▶
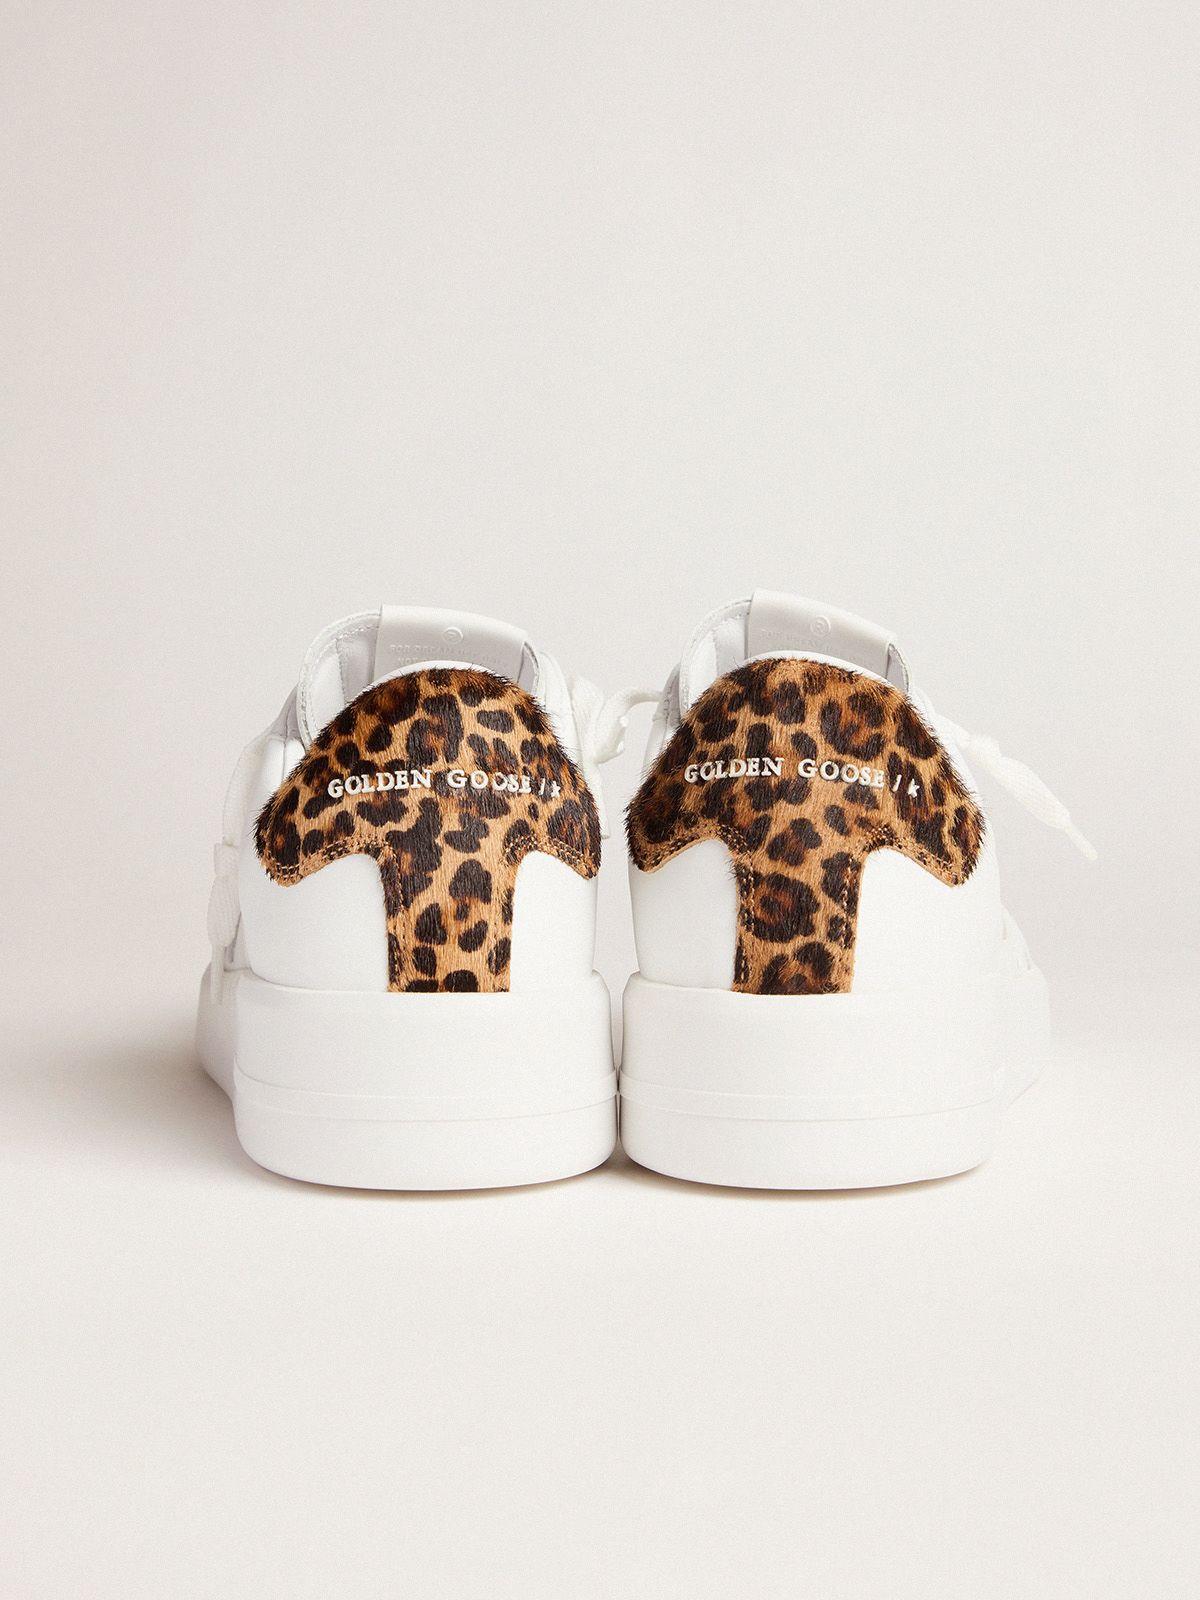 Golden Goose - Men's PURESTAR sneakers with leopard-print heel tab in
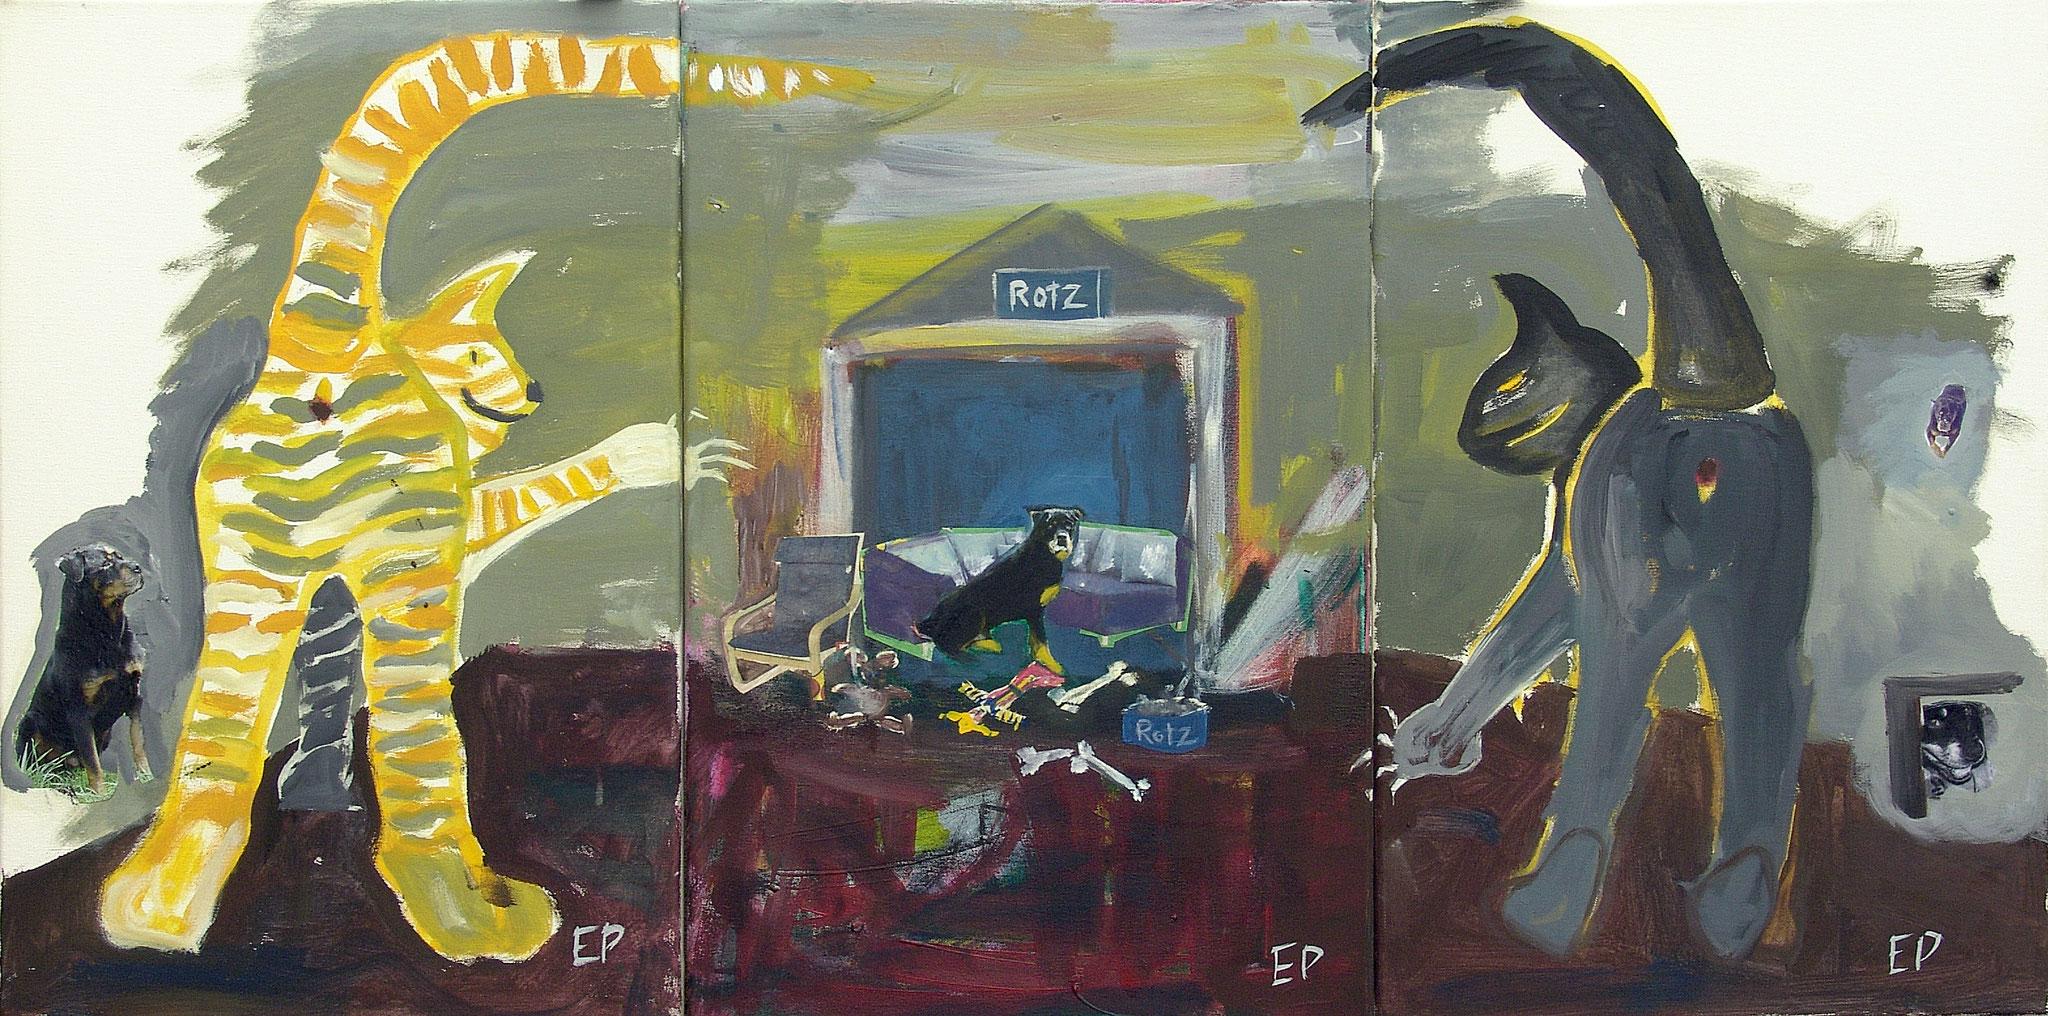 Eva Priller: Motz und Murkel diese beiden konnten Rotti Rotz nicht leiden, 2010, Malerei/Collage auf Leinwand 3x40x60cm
◀
▶
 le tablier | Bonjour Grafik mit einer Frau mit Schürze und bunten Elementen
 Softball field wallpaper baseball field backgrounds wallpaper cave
◀
▶
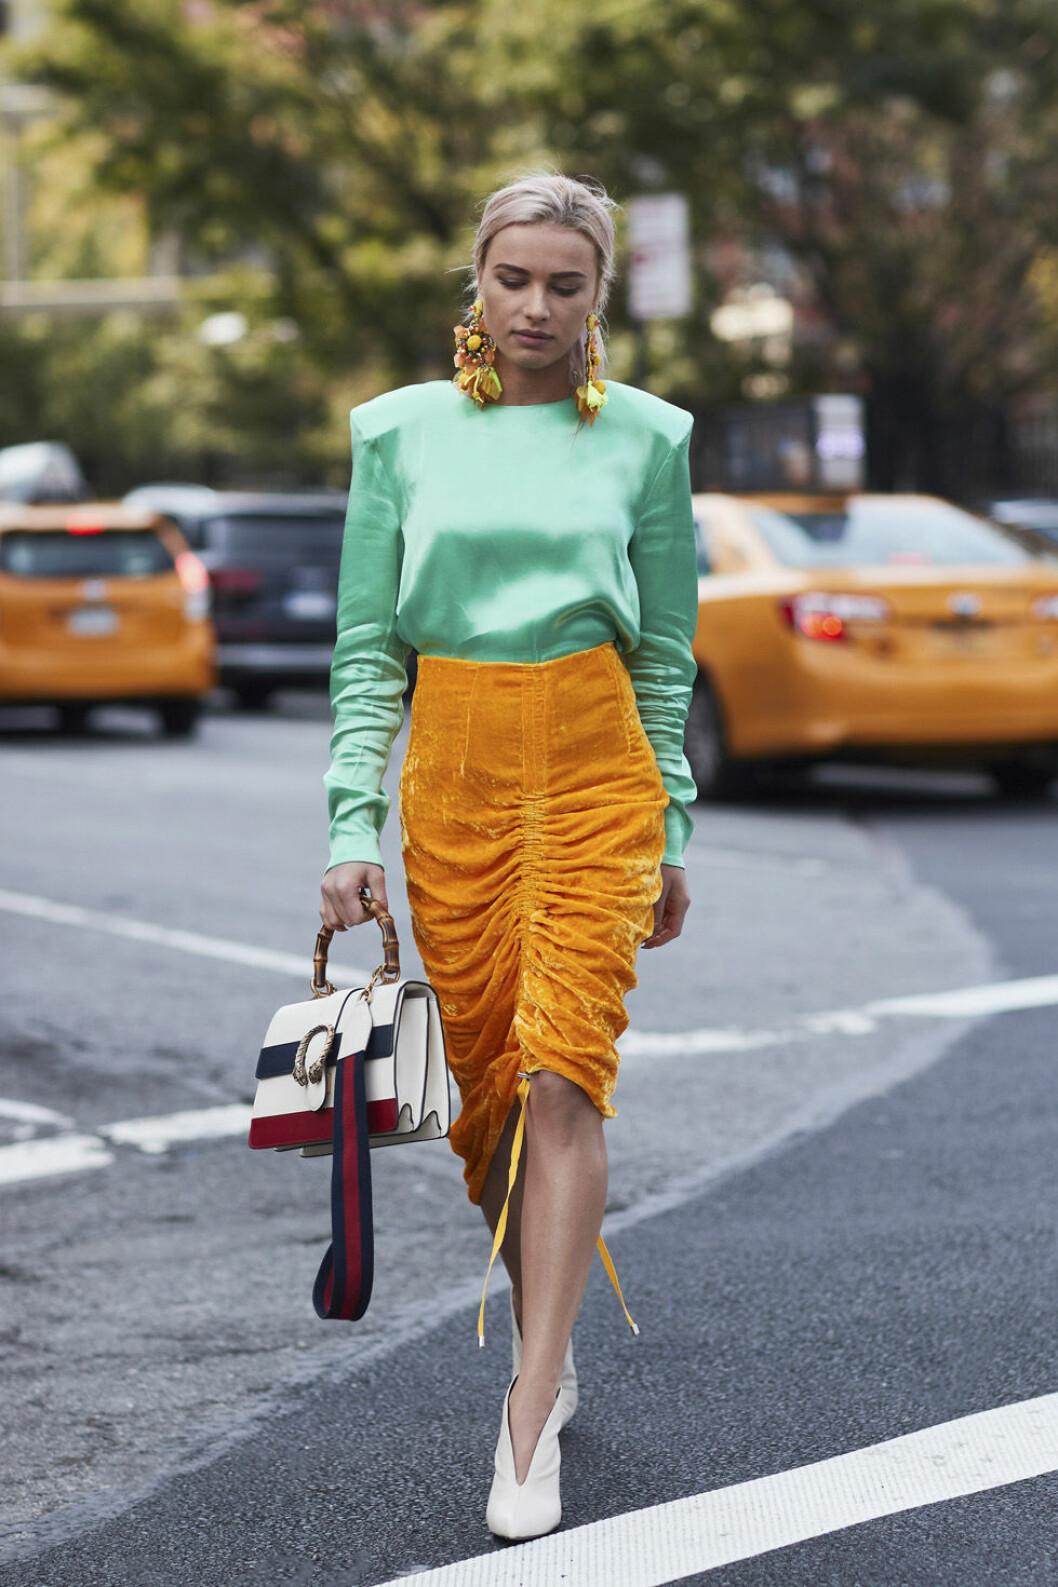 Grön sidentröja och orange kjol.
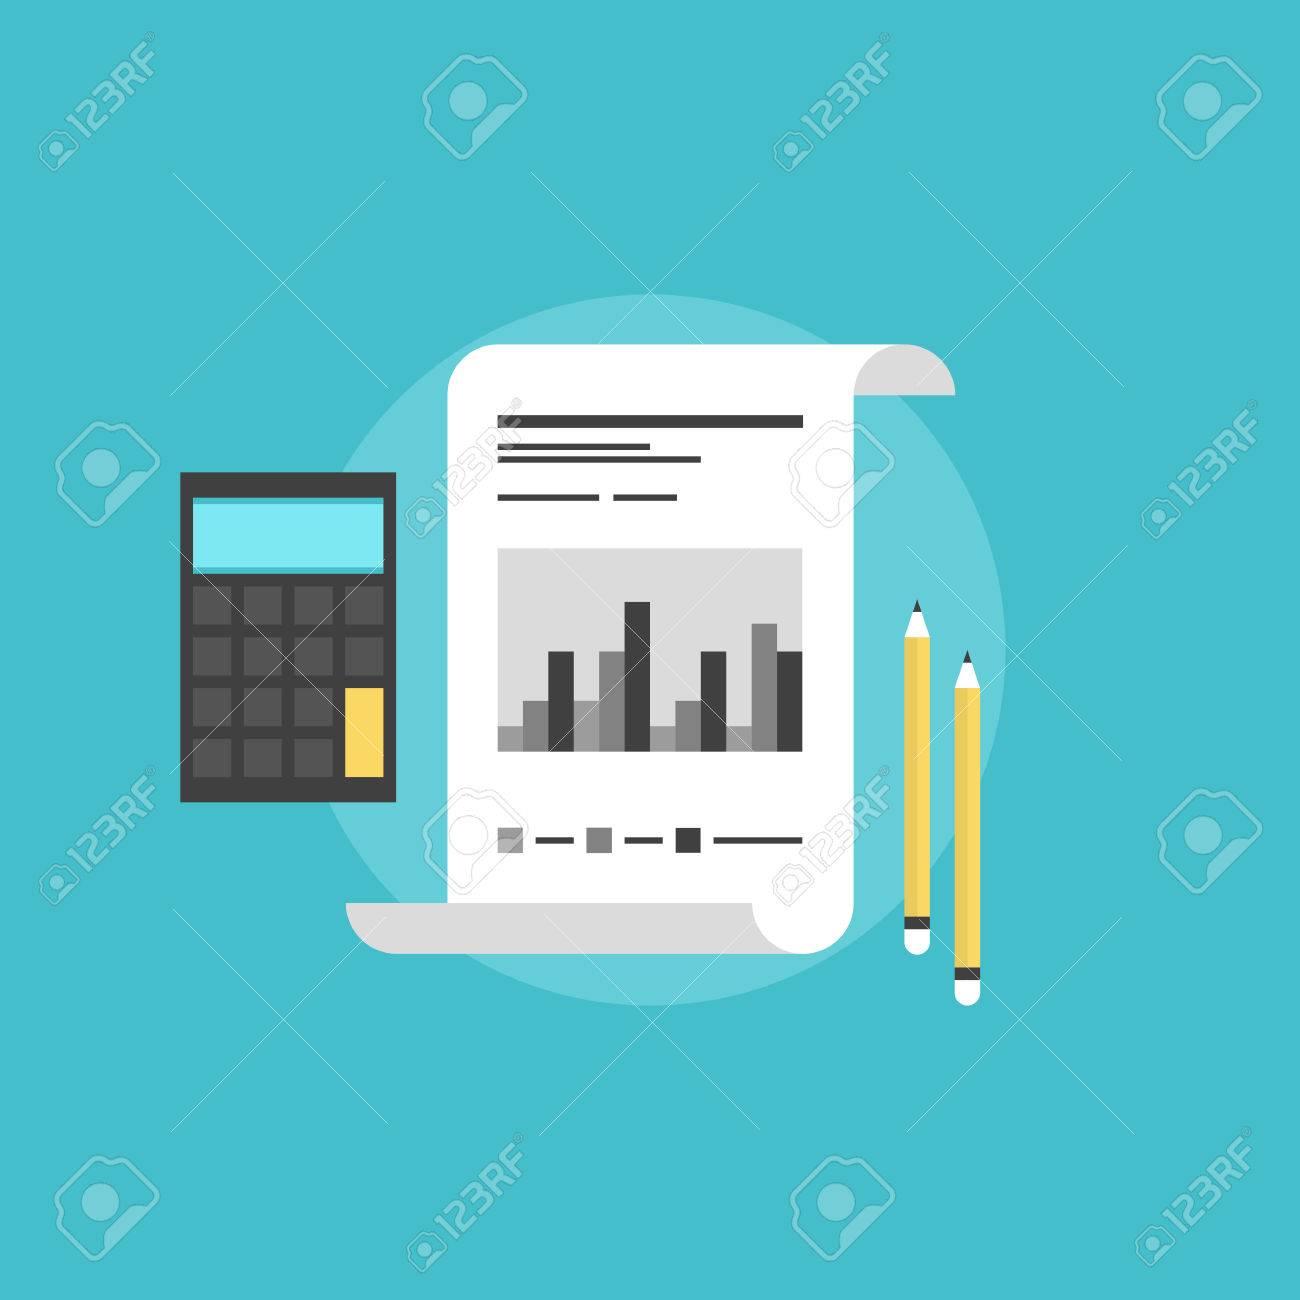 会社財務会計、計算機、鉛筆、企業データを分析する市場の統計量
◀
--- PROMPT ---
Write out word for word the lines of the listing above from the line with "Golden Goose - Men's" to the line with "Eva Priller: Motz", taking in both of those lines but no pictures.

--- EXERCISE SOLUTION ---
 Golden Goose - Men's PURESTAR sneakers with leopard-print heel tab in
 Eva Priller: Motz und Murkel diese beiden konnten Rotti Rotz nicht leiden, 2010, Malerei/Collage auf Leinwand 3x40x60cm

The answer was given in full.